Operation Ivy are a decent if totally unoriginal HC band; every town had dozens by the time they got going and i can't see why they are any better than baziliions of others. Rancid the less said the better.

He is a very good bass player, who i would guess is very familiar with the Clash, and Paul Simonon's pop/punk/reggae bass-lines, which he copies extensively. I would say another influence might be Sir Horace Gentleman, the bass-player in the Specials, another guy who played reggae bass parts in a pop/punk/ska context. I also hear influences from Bruce Foxton of The Jam, who was a huge fan of John Entwhistle of the Who, and was walking bass-lines, and playing scales, and arpeggiated chords, very fast 10 years before your man got going.

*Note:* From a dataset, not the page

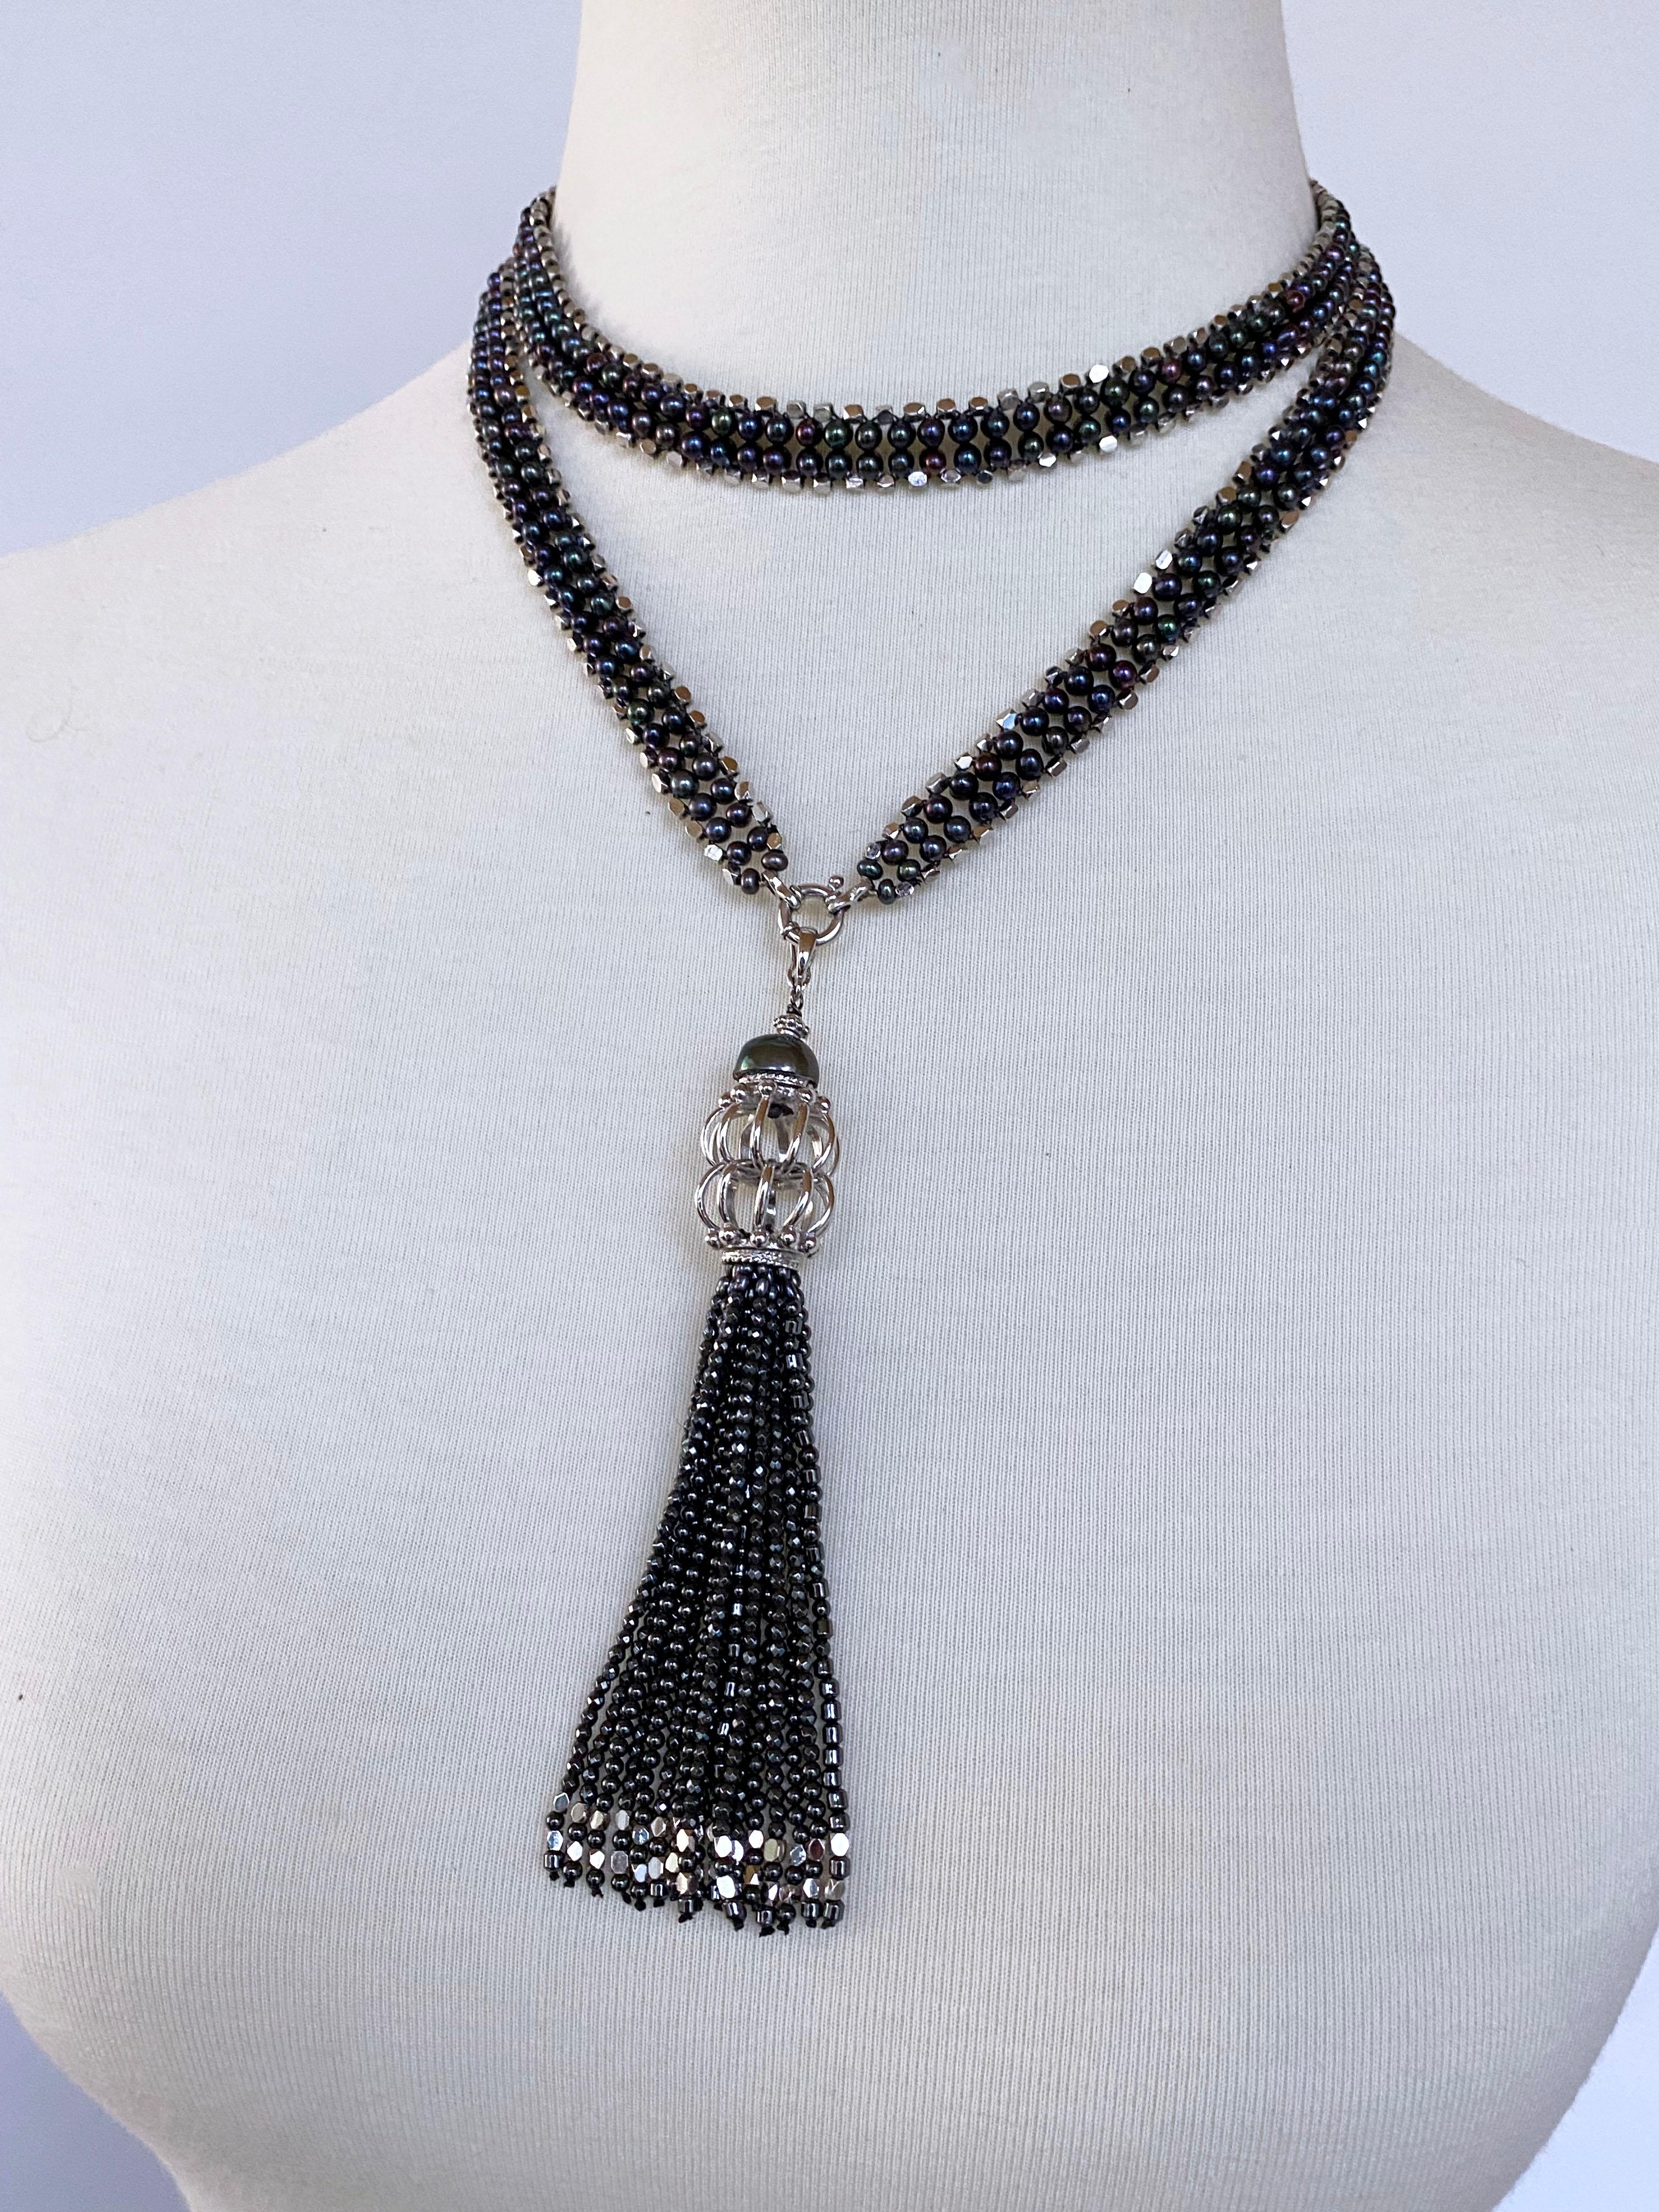 Amazing unisex piece by Marina J. This double stranded Sautoir is made of all Black Pearls and geometric faceted Silver Beads woven together into a double column pattern. The Black Pearls display a multicolor

He may well have been influential on those who came after, but not very original in his playing/style.

Nothing wrong with Operation Ivy. Rancid sounds like what i imagine Blink-182 would sound like. Very very watered down pop-punk for top 40 consumption by kids who buy their clothes at Hot Topic. Had to stop after 6 seconds, life is too short. Their clothes are like some kind of '77 Punk Colonial Williamsburg shit, in fucking 1994. Lyrics are some "get drunk, be happy, don't think about revolution" pop crap. Yuck.

Here are some of his obvious influences:













Will check out this Fat Mike cat.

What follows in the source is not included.